On November 10, at 8:05 a.m. a nonlicensed operator (NSO) reported hearing a gas leak on the Northwest corner of the main generator. Through investigation by the NSO and the onsite fire brigade leader, the leak was verified to be hydrogen coming from a small tapped hole on the horizontal face of the generator. At 8:30 a.m., the fire brigade leader reported that the hydrogen concentration near the generator was in excess of flammable limits. Operators and the fire brigade leader took mitigating actions to reduce the leak and protect onsite personnel. At 8:57 a.m., a plug was reinstalled and the hydrogen leak was terminated. At 9:08 a.m., operators declared and exited an Unusual Event (UE). Following the declaration, operators notified state agencies within the 15 minute requirement.

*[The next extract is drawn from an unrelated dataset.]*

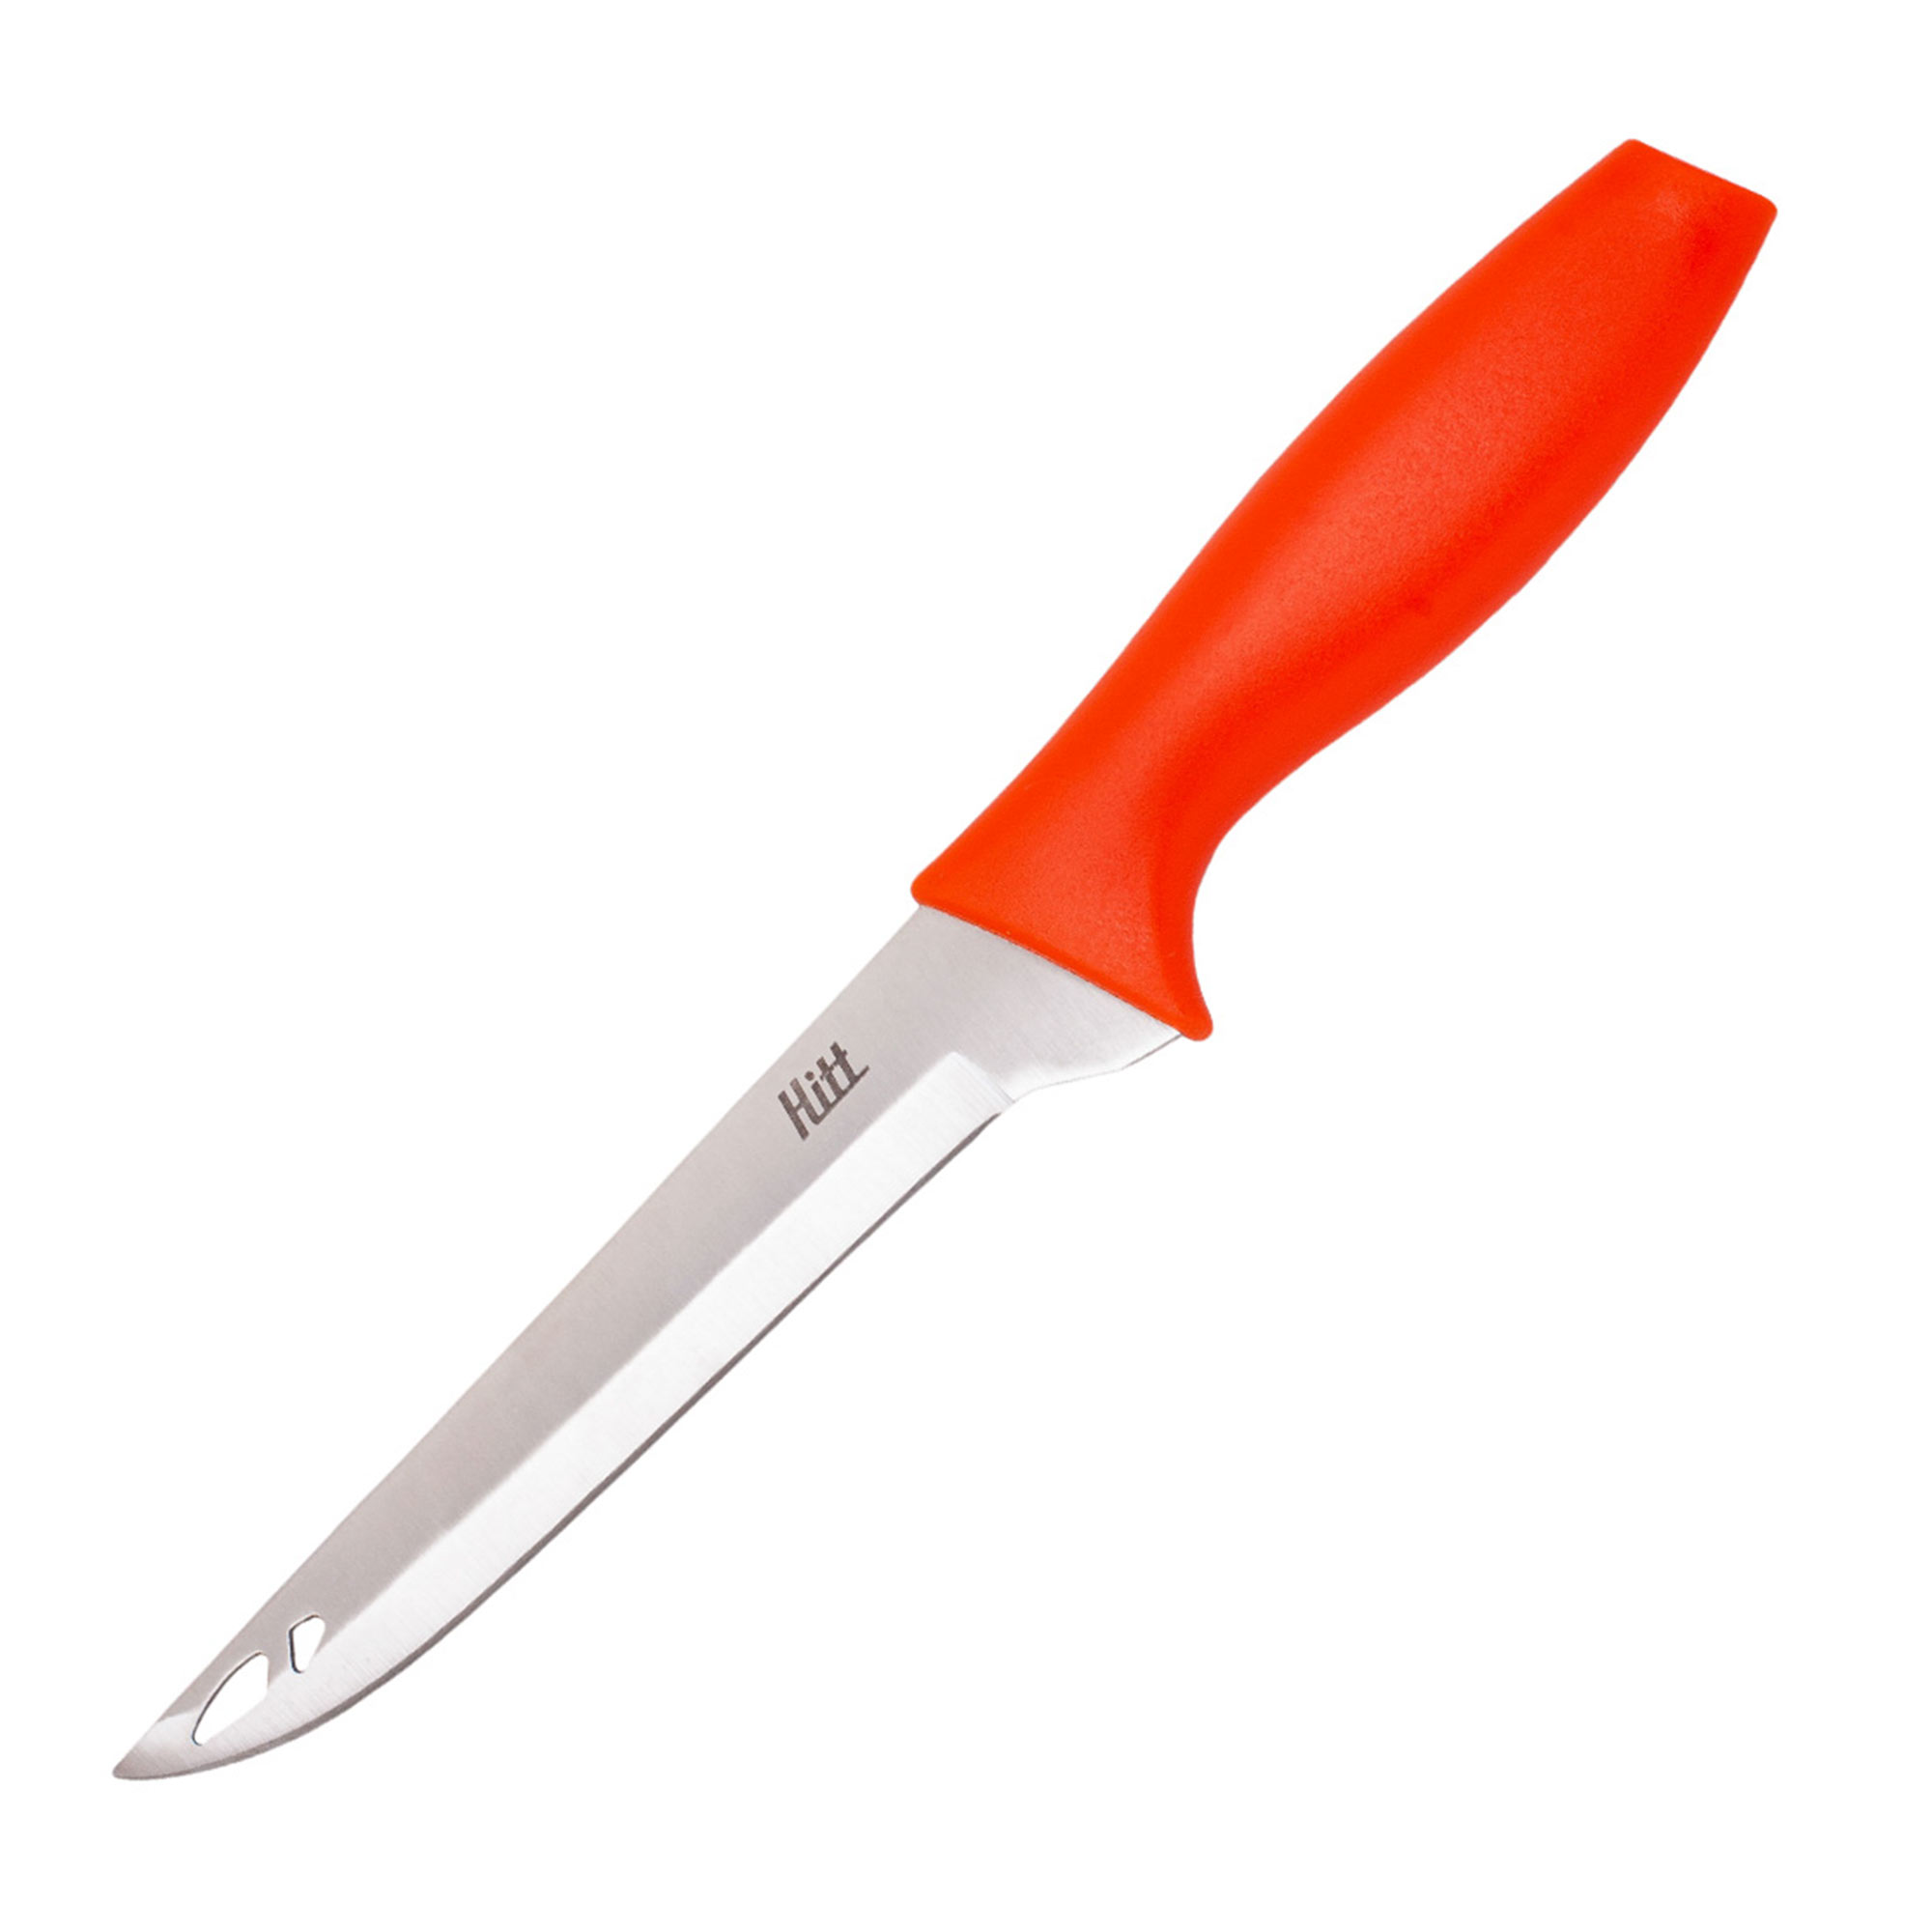 Нож Hitt Colorfest филейный 15 см филейный нож gipfel magestic 6971 15 см

The SSREP states that a condition will be classified "upon recognition of abnormal station conditions [in excess of emergency action levels]" The inspectors concluded that once operators were aware of the hydrogen levels in excess of flammable limits, the emergency action level for flammable gases was met. The criteria for an Unusual Event was a release of flammable gas from anywhere onsite that may adversely impact normal station operation. Operators declared the UE approximately 38 minutes after conditions for entering an UE were met. The inspectors concluded this did not meet the procedural requirement to classify "upon recognition."

Analysis.

The inspectors determined Seabrooks failure to implement its emergency classification and action level scheme in a timely manner as required by the SSREP was a performance deficiency. Traditional enforcement does not apply because the issue did not have any actual safety consequences or potential for impacting the NRCs regulatory function and was not the result of any willful violation of NRC requirements or Seabrook procedures.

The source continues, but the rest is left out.